Effect of Nox4 small-interfering RNA (siRNA) on the regulation of MnSOD, catalase, and IL-6 expression by TGF-β. AMSCs were transfected with Nox4 siRNA (250 nM) for 18 h, serum deprived for 6 h, and then incubated with TGF-β (1 ng/ml) for 48 h. Nox4 mRNA was determined by real-time PCR (A), and protein was determined in whole cell extracts by Western blotting (B). MnSOD, catalase, and IL-6 (C) mRNA were determined by real-time PCR. mRNA data were expressed as fold change with respect to unstimulated control. Bars represent means ± SE of 4 ASMC donors. *P < 0.05 and **P < 0.01 compared with unstimulated control; #P < 0.05 compared with TGF-β (1 ng/ml)-stimulated cells.

Fig. 8.

Schematic summary of the proposed mechanism for TGF-β-mediated regulation of oxidant/antioxidant balance and IL-6 release in ASMCs.

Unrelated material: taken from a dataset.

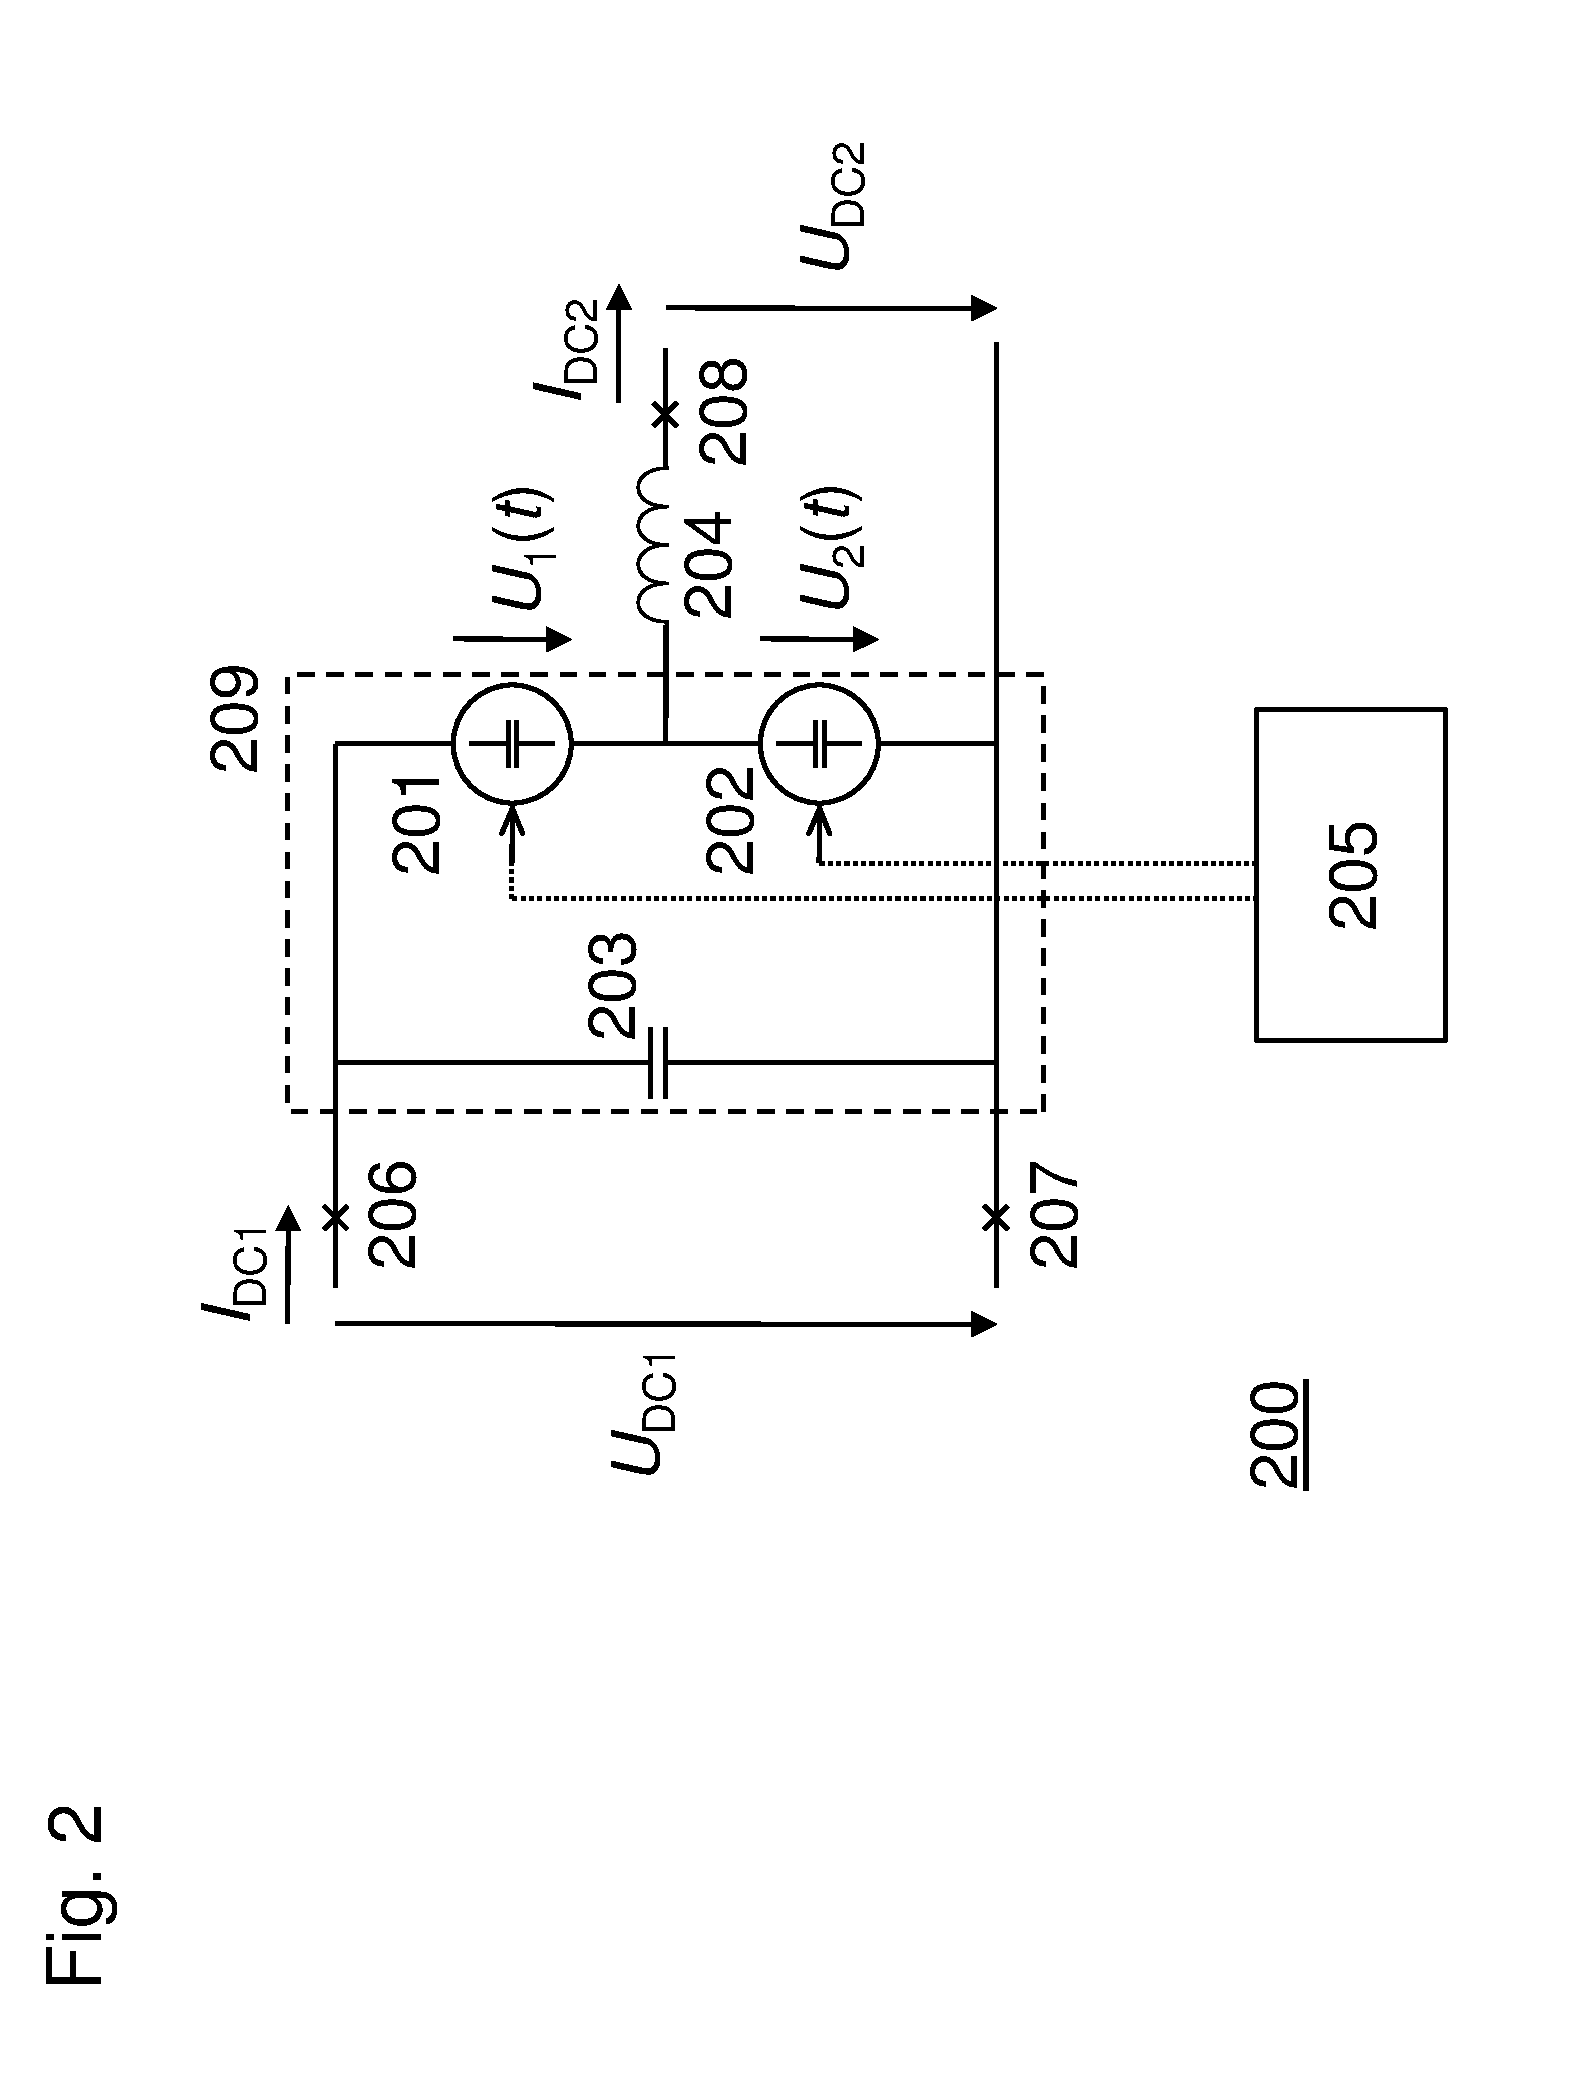 Bidirectional unisolated dc-dc converter based on cascaded cells

Early release of ROS in response to TGF-β activates the Smad pathway leading to upregulation of Nox4 and IL-6 expression and downregulation of catalase and MnSOD expression. Activation of PI3K also contributes to the upregulation of Nox4 and IL-6. The upregulation of Nox4 may also contribute to the regulation of MnSOD expression but not of catalase or of IL-6. The resulting oxidant/antioxidant imbalance leads to increased levels of intracellular ROS.